That brings me, finally and crucially, to the position of the Government. For my two previous Bills, the Government, while not opposing them outright, have said that now is not the right time. In September 2016, the Minister, the noble Baroness, Lady Chisholm, said that it was not the right time because the Government were busy

“implementing the result of the EU referendum.”—[Official Report, 9/9/16; col. 1249.]

In 2017, the noble Lord, Lord Young of Cookham, who I am very pleased to see will be speaking later, thought that it was not the right time because the Government were waiting to hear the findings of the Burns committee. Both those reasons for delay are behind us.

So, I appeal to the Minister: we waited patiently for these two objections to be met, and now the way is clear for the Government to give the Bill a green light. I beg you, please do not say that now is not the right time because we are waiting for the report of the constitution, democracy and rights commission. The commission has not even been set up yet and we all know that it will take years, during which time we will have yet more of these wretched by-elections. By the way, I make one confident prediction about this commission, whatever its membership or terms of reference: whenever it comes up with its final report, it will not have a paragraph saying, “As we look to the future development of our democracy, we are unanimous in our belief in the importance of preserving the system of by-elections for hereditary Peers”.
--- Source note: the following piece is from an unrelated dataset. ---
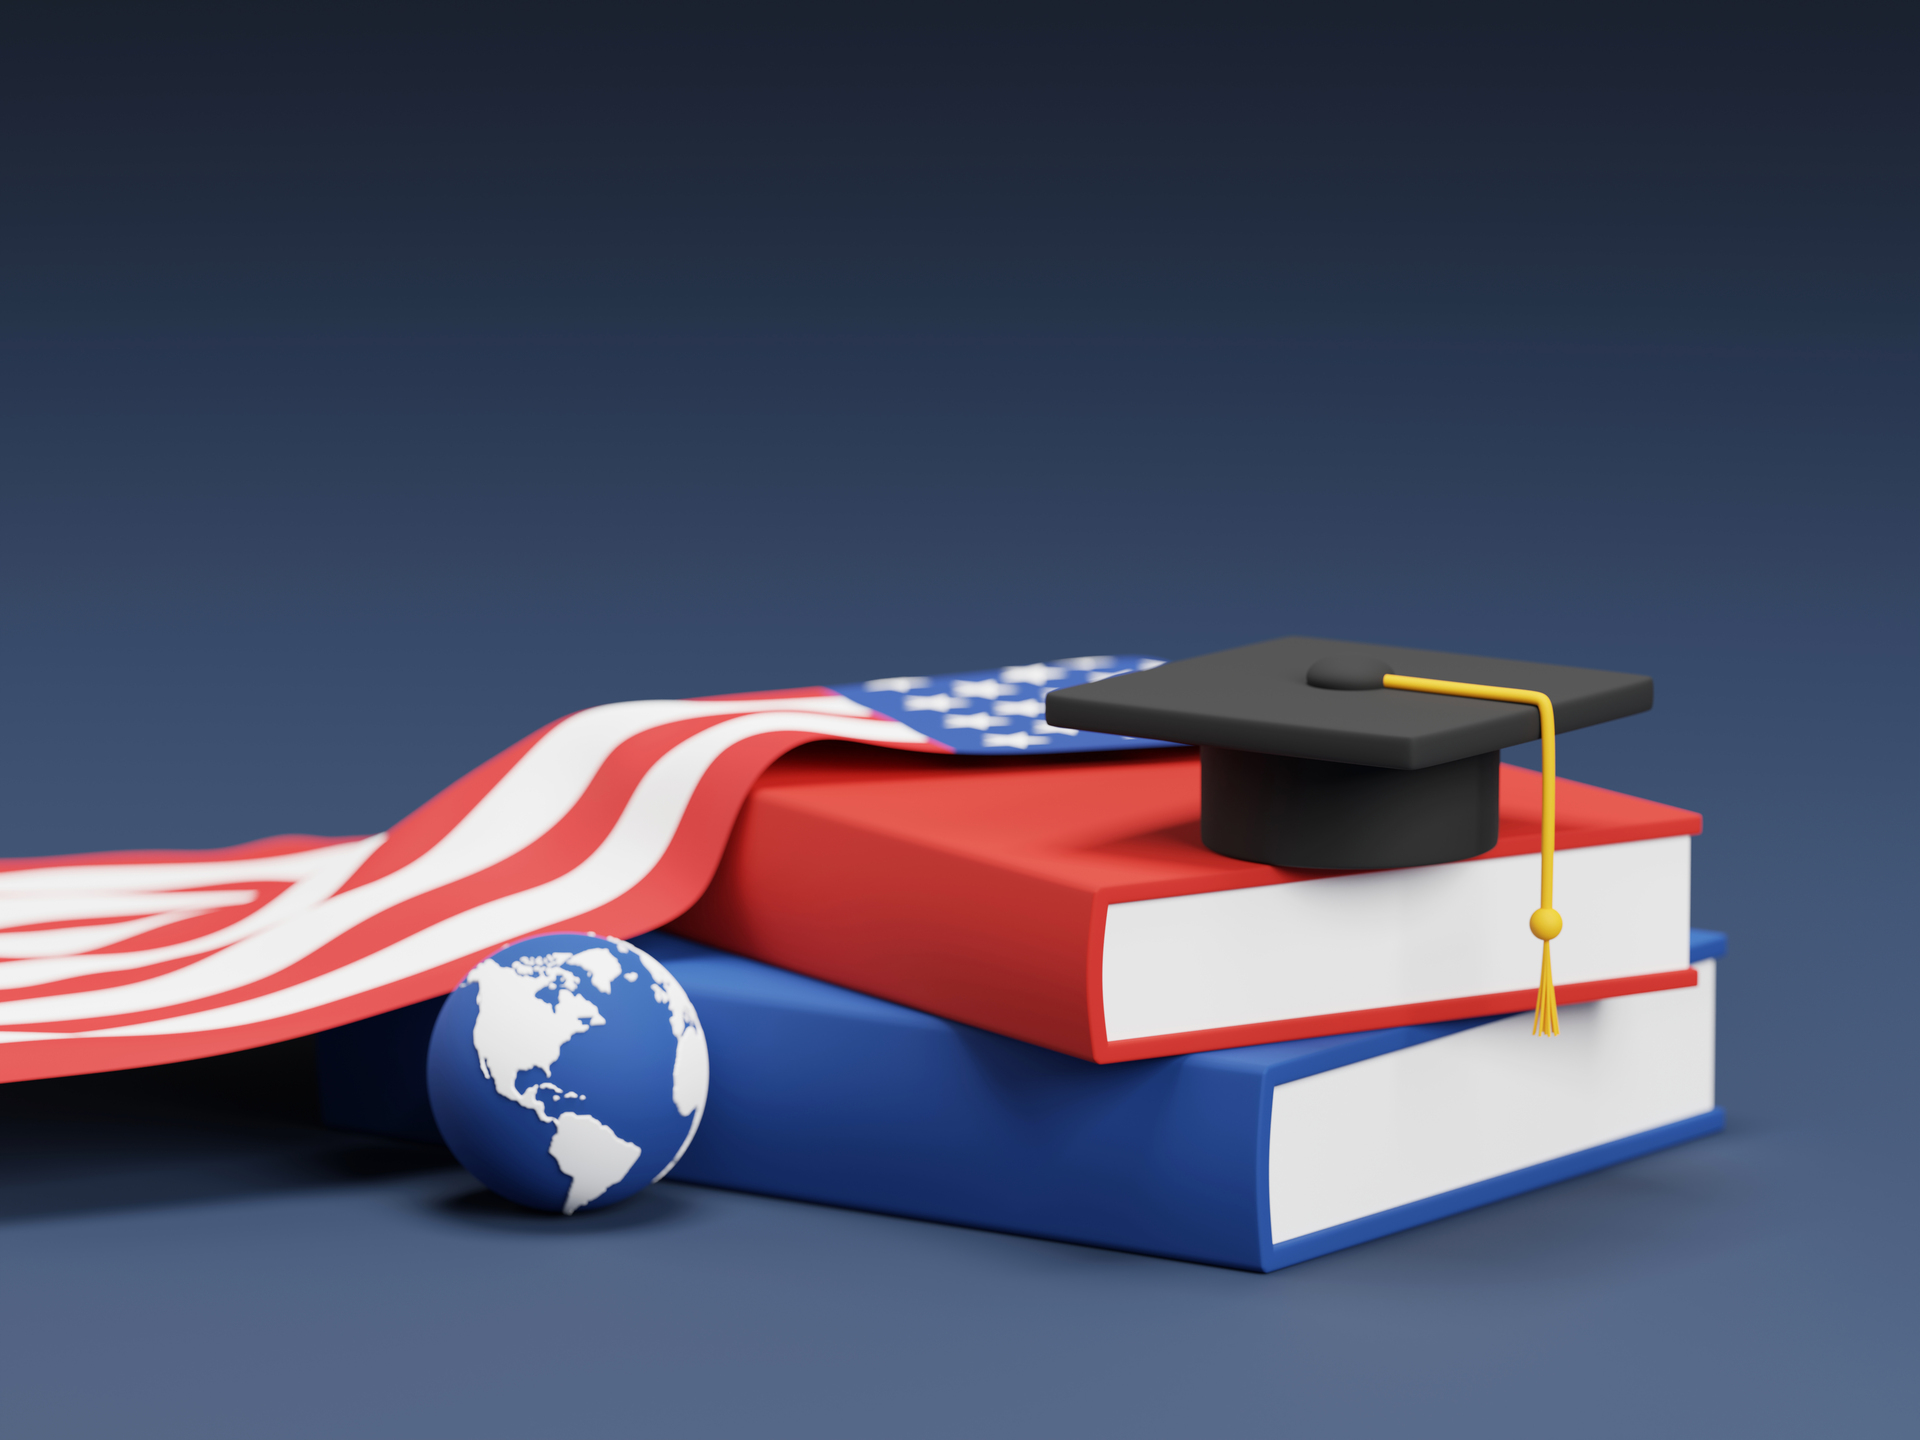 Na tym znaczącym obrazku możemy podziwiać złożoną symbolikę związana z edukacją i patriotyzmem. Czapka studencka, książki, globus i flaga USA tworzą inspirujący zestaw, reprezentujący wiedzę, eksplorację oraz miłość do kraju. Czapka studencka symbolizuje dążenie do nauki i osiągnięć akademickich, książki są symbolem wiedzy i nauki, globus reprezentuje globalne perspektywy, a flaga USA oddaje narodową tożsamość i dumę. To zrównoważone połączenie obrazuje znaczenie edukacji, odkrywania świata i miłości do kraju w procesie kształcenia

I have brought this simple Bill back for a third time because I know that I have the overwhelming support of the House. I also know that, if any of the Bill’s opponents were to take the case for continuing with this system to the country, anywhere in the UK, they would be laughed out of court. These by-elections are indefensible, ludicrous, laughable, embarrassing, ridiculous, farcical and absurd. Those few Peers who continue to support them are defending the indefensible. The by-elections are way past their sell-by date. This Bill gets rid of them and I commend it to the House.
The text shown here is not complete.